What are some models of audience? 
 
We turn here to some alternative ways of thinking about the media audience 
that focus on people ´s active attempts to construct identity and use popular 
culture, rather than be used by it. 
 
Barwise and Ehremberg (1988) describe television as ‘low involvement’, in 
other words, the audience does not have to do much in order to consume the 
product. They provide two examples of this low involvement: 
-Little effort need to be made by a viewer, and she or he views TV in the 
same way as every other member of the wider audience. 
 
-People often watch TV while waiting for something else to happen: it is used 
to fill up ‘dead time’. 
 
Two models suggest that popular viewing is highly active and creative: 
 
In the first model, known as the ‘uses-gratifications approach’ the audience of 
popular culture – in this case popular TV – are able to use the media for 
specific purposes.
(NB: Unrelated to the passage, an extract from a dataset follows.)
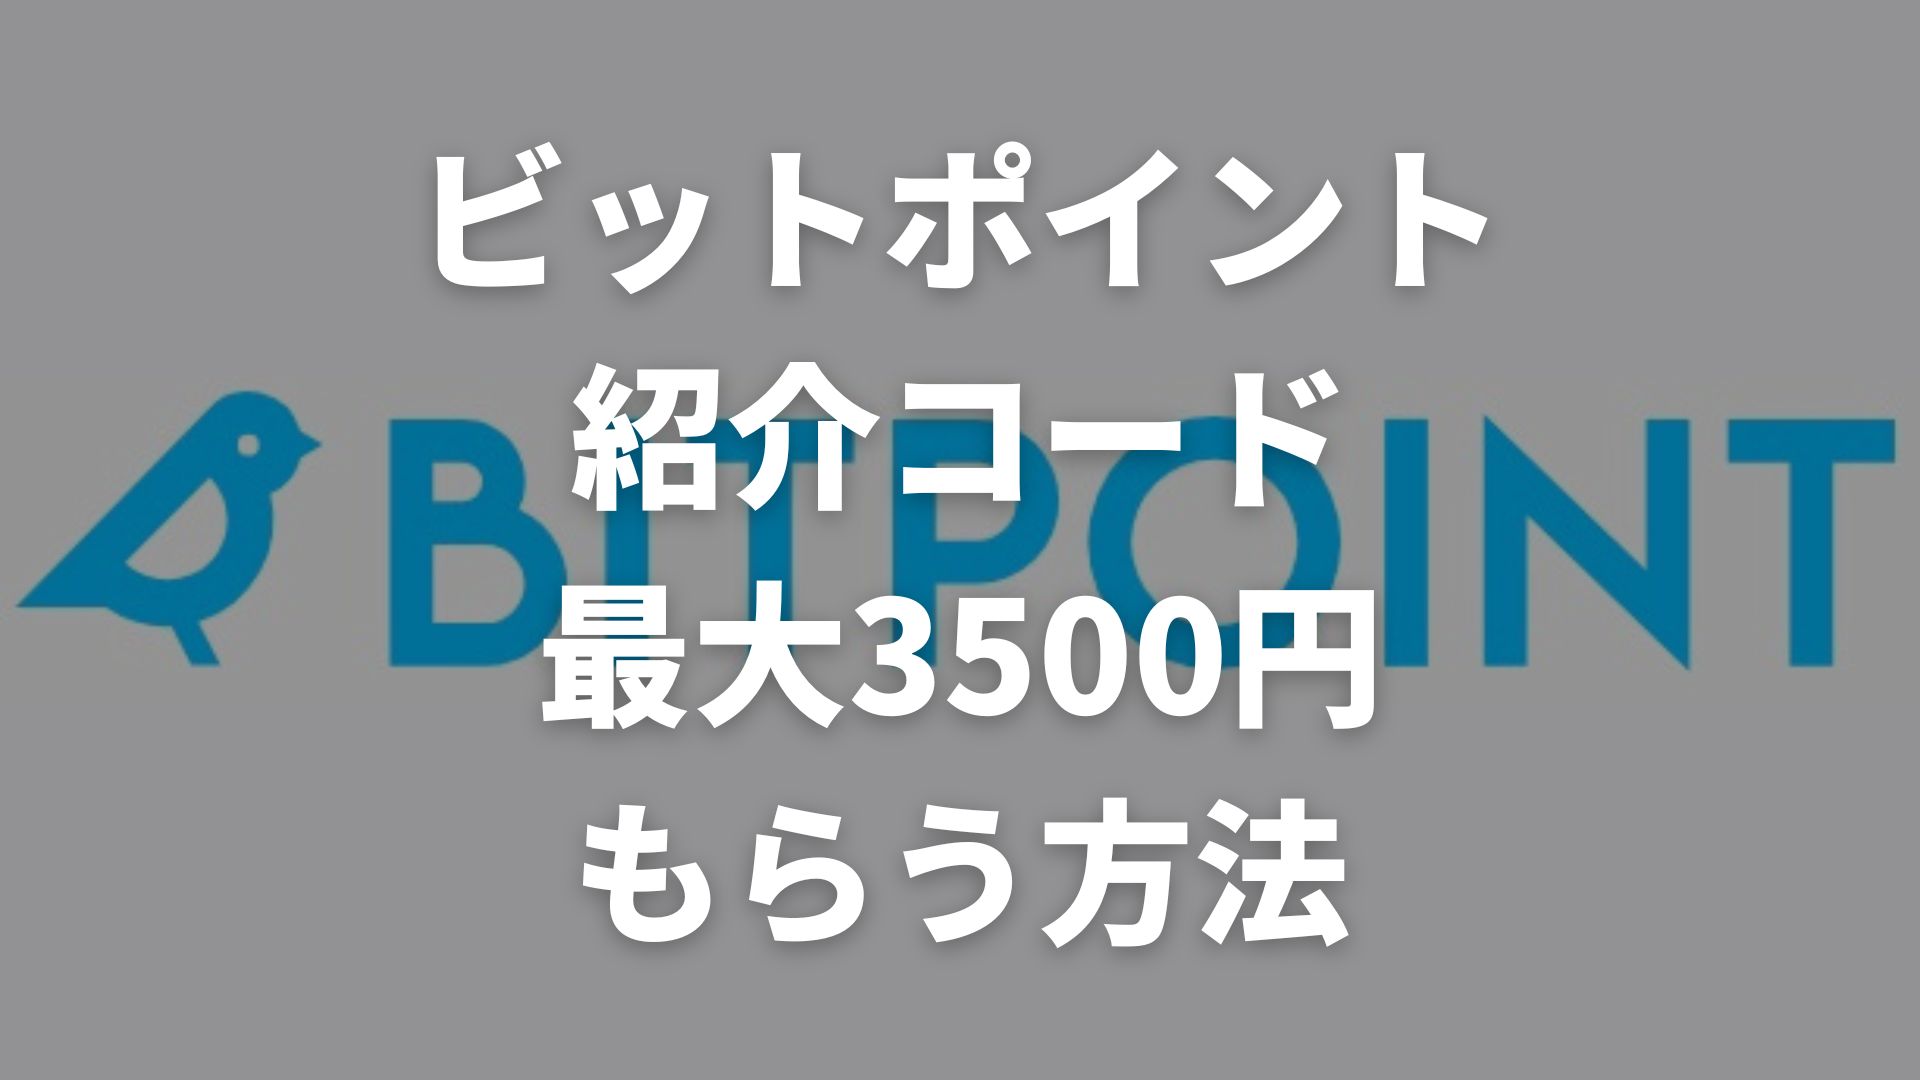 ビットポイント紹介コードと口座開設キャンペーンで3500円もらう方法
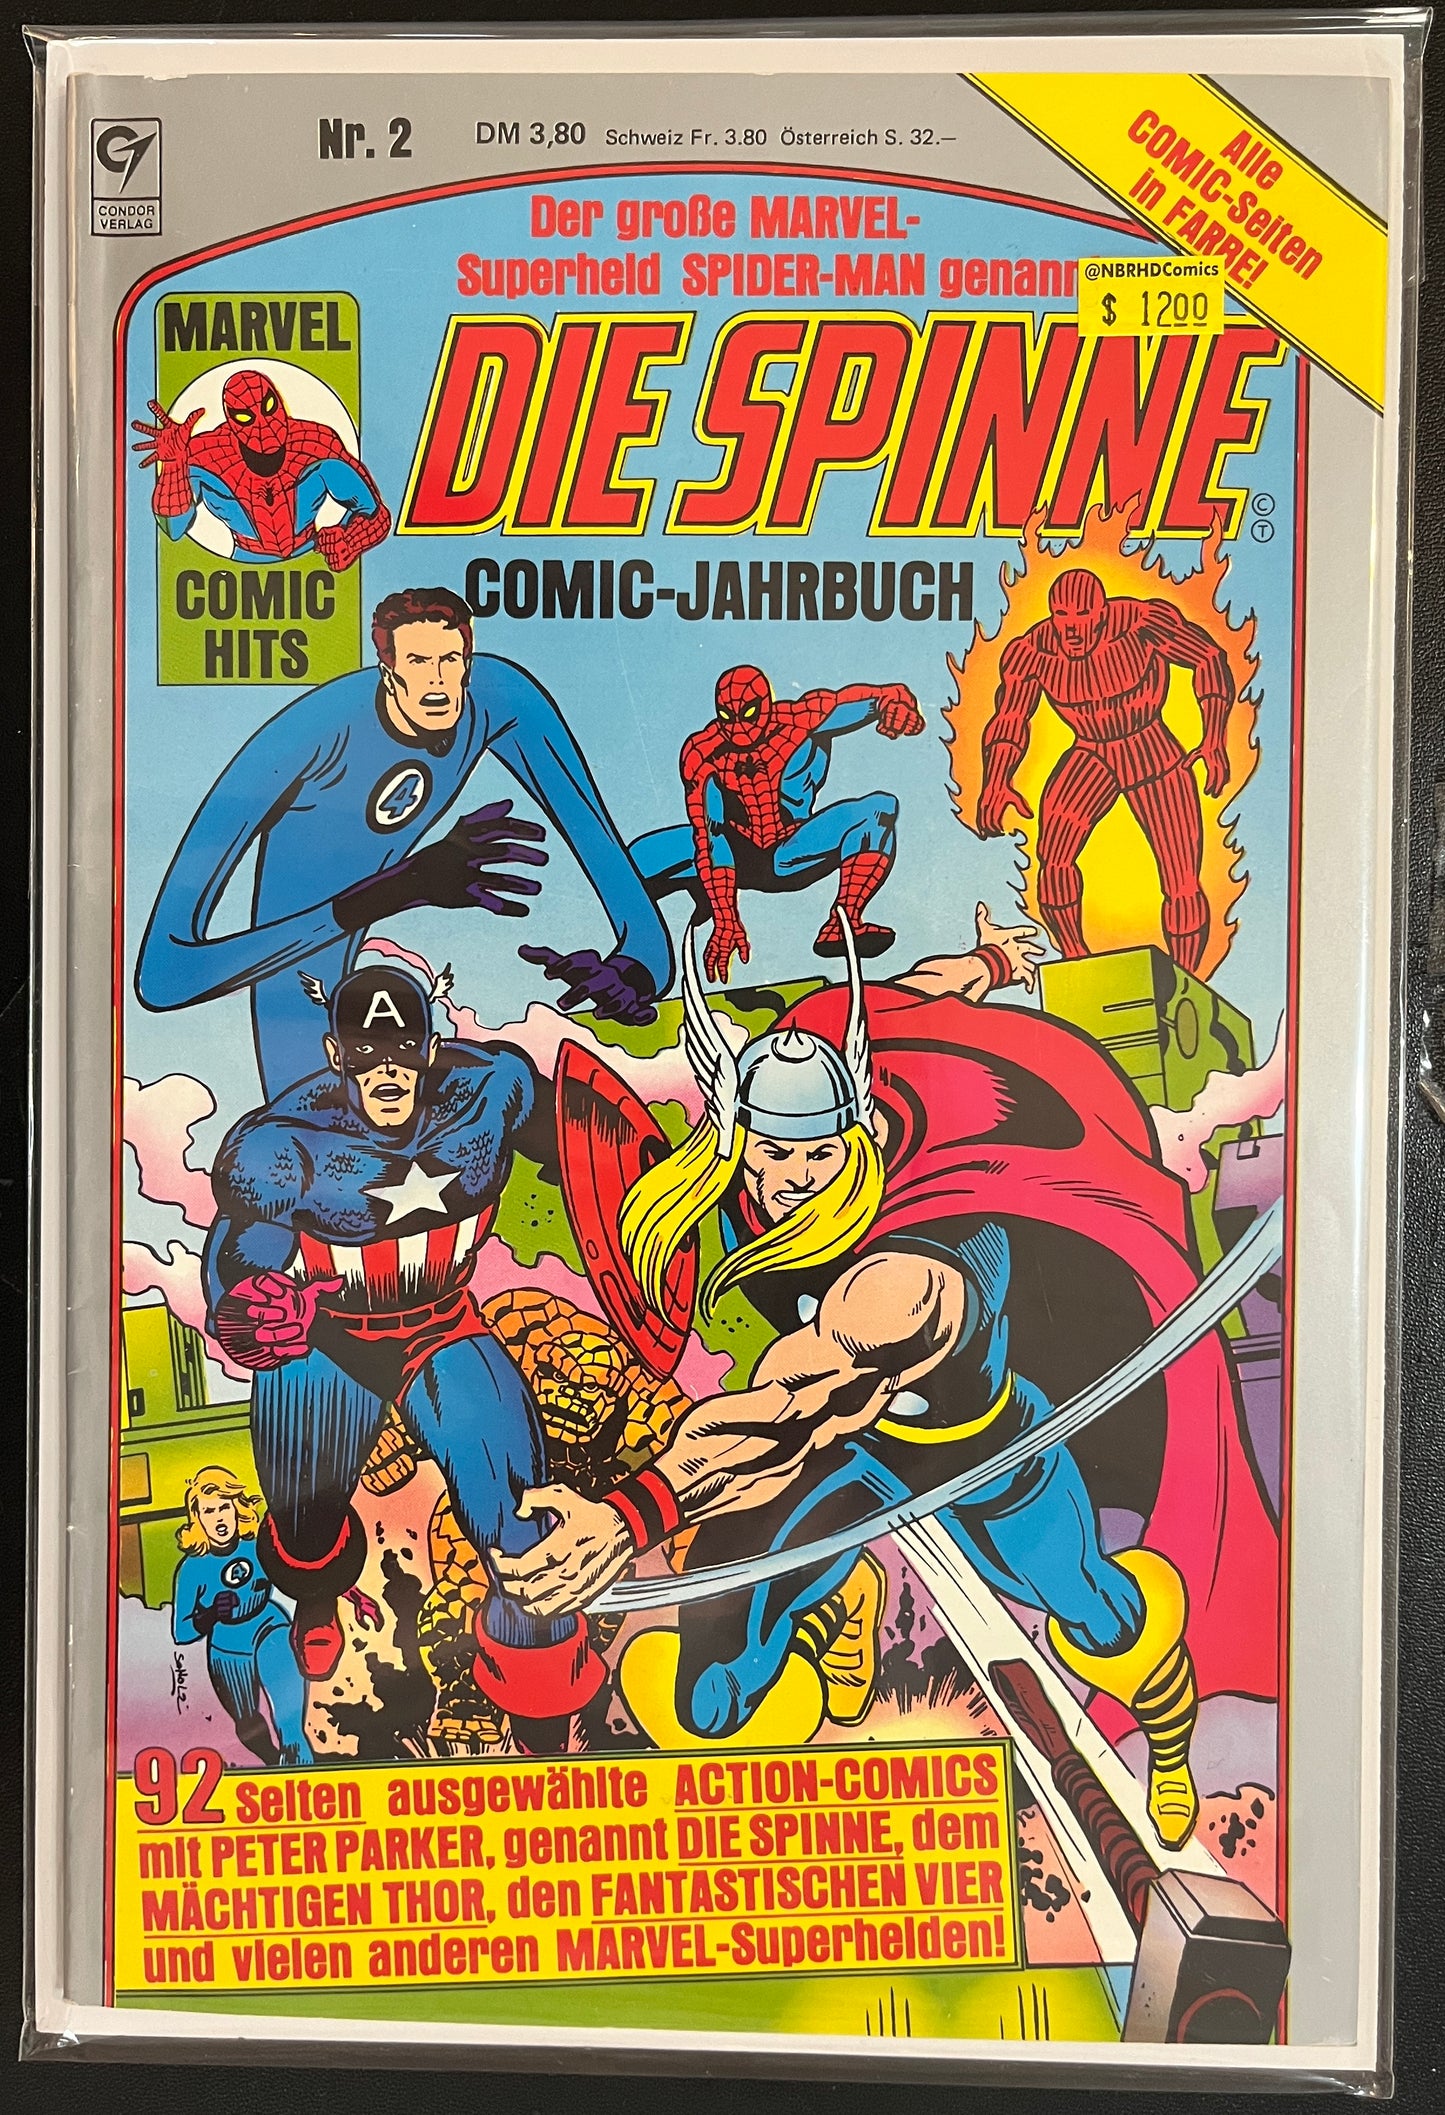 Marvel Comic Hits: Die Spinne #2

Thus if one needs background noise, the TV is used in a 
different way than if one is looking out for a particular item in a news 
broadcast – the audience have needs that they fulfill, or gratify, through 
active and selective TV use. 
 
Morley identifies three types of ‘decoding’ that are performed by audience 
members – that is, individual audience members ‘read’, interpret or pull apart 
(decode) the messages and images they see in different , ways with their 
backgrounds operating as filters through which this happens: 
 
-oppositional- Some audiences members reject what they see and replace the 
intended meaning with a new one that diverges from the message intended by 
those who made the product 
 
 
-negotiated- Some audience members twist the intended meaning to make it 
fit in with their own views of the world, and bits of each are fitted together 
for future use 
 
-dominant- Some audience members fully accept the dominant or intended 
meaning of the product and go along with it. 
 
Morley and Philo argue that our unique personal biographies, experiences and 
life stories act as a filter and influence our view of popular media products. 
The users of popular culture are seen as sophisticated, thinking beings, not 
necessarily taken in by dominant ideology or unable to think critically about 
the world because of the influence of mass culture.